A new framework for parsing semi structured textfiles
The NOMAD CoE parsers use the simple_parser.py
module for most of the parsers. While this module contains a lot of good ideas, it is probably not a good for new parsers.
Introduction
Why does the old library not work anymore?
- It was build for a streaming backend that we don't need anymore. The streaming backend introduced lots of unnecessary constraints about the order that data can be produced. This meant that a lot of data had to be temporarily stored in local variables and lead to the introduction of the "CachingBackend" with a complex systems to declare temporary data.
- It assumes that the structure of the input text matches the structure of the metainfo. Again, lots of temporary data.
- It is easy to get lost in its "syntax" (look at parsers to see what I mean).
- The API is very convoluted with various parser, nested contexts, backend classes. Ideally a parser would use one class and one object.
- The API allowed to write parsers that are not reusable for multiple parse runs. We have to reinitialise and re-compile all the involved regular expressions all the time.
- The code that controls the parsing and the code that post-processes the parsed data are separated, which makes it hard to understand what happens.
- There are no re-usable modules for re-occuring patterns, e.g. for vectors, matrices, etc.
- There are lots of different parser interfaces (
ParserInterface
,mainFunction
,SmartParser
) that the infrastructure needs to address. - Unit conversion was build into the parsing part and should have been handled by the backend/metainfo
- The general code organisation and quality in
python_common
is questionable. One big problem is that we cannot separate dependencies that all parsers need, from some that only a few need (e.g.mdanalysis
,mdtraj
). - There is no common mechanism to deal with multiple files and sub-parsers.
We should create a new framework for developing parsers for semi structured textfiles for the following reasons:
- There will be new parsers to write for the new projects.
- It would give us a fighting change to modernise the existing parsers-
- There are requests for more code support, hence more parsers.
- It is really hard to explain someone the "WTFs" of the old framework, because most of the reasons are gone by no.
The new framework should have the following features:
- There is a simple interface. A parser consist of one class, instances can be reused.
- It uses the new metainfo Python library. Target quantities can be addressed by paths; arbitrary sections can be addressed; there is no need for opening and closing sections in a particular order.

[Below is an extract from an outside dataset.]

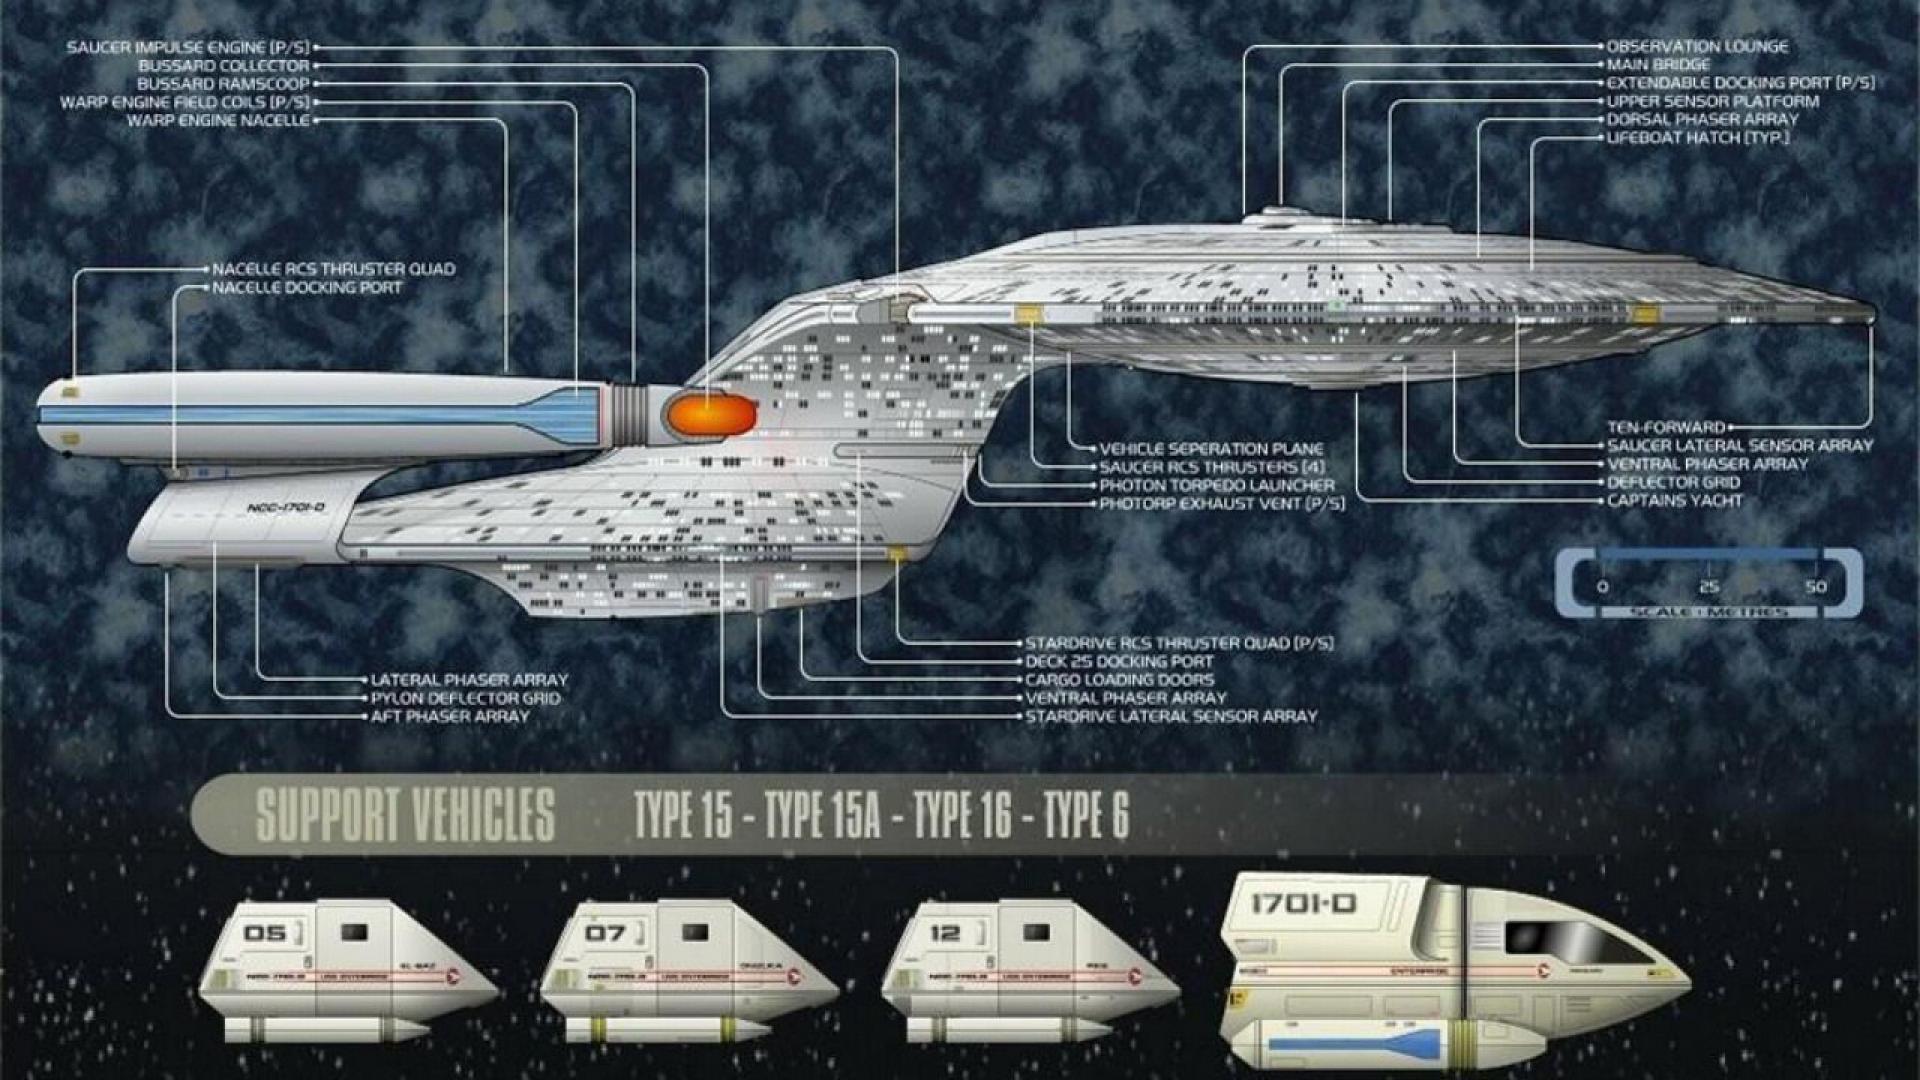 Uss Enterprise Ncc 1701 Wallpaper Star Trek Enterprise Wallpaper

- Support for dealing with files: a mechanism that abstracts from the actual files; developers should not manually
open
files. Ideally the framework allows to parse files directly from the uploaded zip-file. - This list should be extended over time
Exercise
@himanel1 @ladinesa @temokmx @mscheidg We should all do this to brainstorm a new framework design.
Assume the new parser framework is already implemented. Using this fake input file and output metainfo as a references. What would the parser look like? Write some pseudo Python.
Input file, e.g. super_code.out:
2020/05/15
*** super_code v2 ***
system 1
--------
sites: H(1.23, 0, 0), H(-1.23, 0, 0), O(0, 0.33, 0)
latice: (0, 0, 0), (1, 0, 0), (1, 1, 0)
energy: 1.29372
*** This was done with magic source ***
*** x°42 ***
system 2
--------
sites: H(1.23, 0, 0), H(-1.23, 0, 0), O(0, 0.33, 0)
cell: (0, 0, 0), (1, 0, 0), (1, 1, 0)
energy: 1.29372
Output metainfo:
{
"section_run": [
{
"code_name": "super_code",
"code_version": "2",
"time": "2020-05-15-00:00:00",
"section_system": [
{
"atom_labels": ["H", "H", "O"],
"atom_positions": [[6.23e-18, 0, 0 ], ...
"lattice_vectors": [[0, 0, 0]. ...]
},
{
"atom_labels": ["H", "H", "O"],
"atom_positions": [[6.23e-18, 0, 0 ], ...
"lattice_vectors": [[0, 0, 0]. ...]
}
],
"section_scc": [
{
"scc_to_system_ref": "/section_run/0/section_system/0",
"energy_total": 3.28172e-18
"x_super_code_sites_magic_sauce": "x°42"
},
{
"scc_to_system_ref": "/section_run/0/section_system/1",
"energy_total": 3.28172e-18
}
]
}
]
}
Please put your solutions in separate comments and discuss.